I'm not going to report the actual science behind this (some of it was way over my head) but seeing it in action was impressive and as these new methods work their way into our apps we will all benefit. The application of contact between fibers, that changes along the length, does give great results and the examples shown made various hairstyles behave very naturally, even complex curly hair. The simulation times were also very fast. Under 20 seconds for 30,000 control splines.
An extra benefit of the method is for digital doubles. The data from a scan of an actor can be used as input data for the simulation, so when animating the digital double the hair will retain the correct styles and behave accurately.
Performance capture
I'm currently on a bit of a mission to understand performance capture. The last talk today was all about the latest advances, countering some of the problem inherent with current methods.
Essentially the biggest problems facing current methods are the need for controlled input, such as lambertian materials, the capturing environment and the apparel of the actors. This is solved via inverse rendering.
On set, using two cameras and accounting for known lighting, multiple actors are trackable, even wearing flowing natural clothing. Pose estimation and shape refinement are generated by comparing scanned models of the actors (up to around 80k vertices) lit via a light probe taken on set, with frames shot by the two cameras.

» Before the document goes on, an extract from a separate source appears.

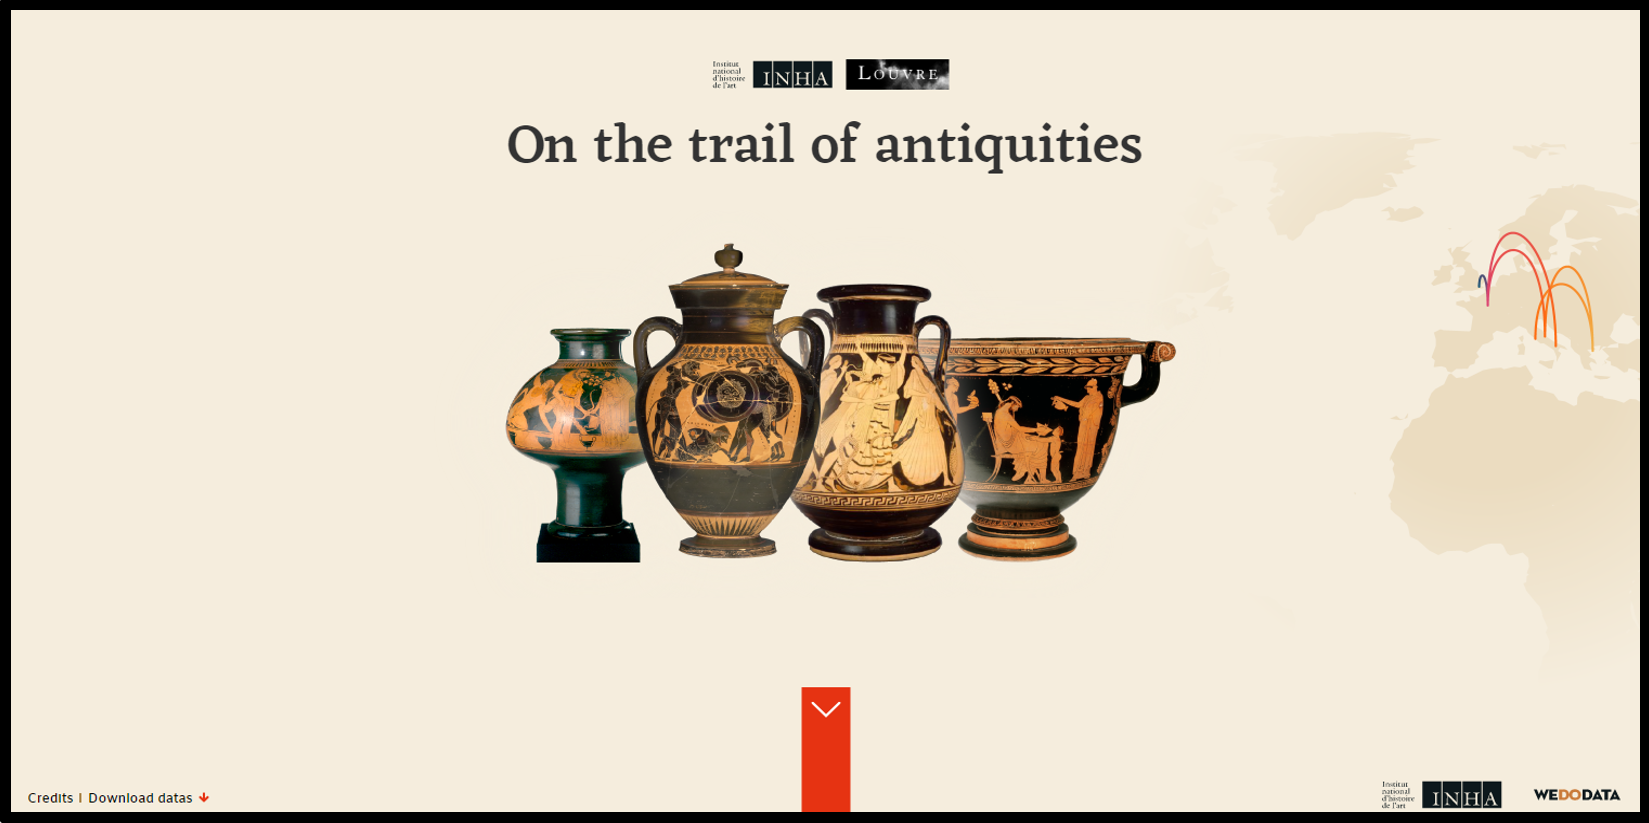 On the Trail of Antiquities 웹사이트 가기

This is a vastly simplified report on the process and I haven't even started to talk about how the system differentiates between foreground, background and characters to track!
I think I've learned more about how are software works today than I have in the last decade. If you have any interest in understanding what is actually happening when you use your software then I highly recommend attending this kind of talk. It's amazing quite how much research goes into even small elements and the high prices of 3D software seems far more reasonable when you see how much effort and passion, as well as skill, is involved.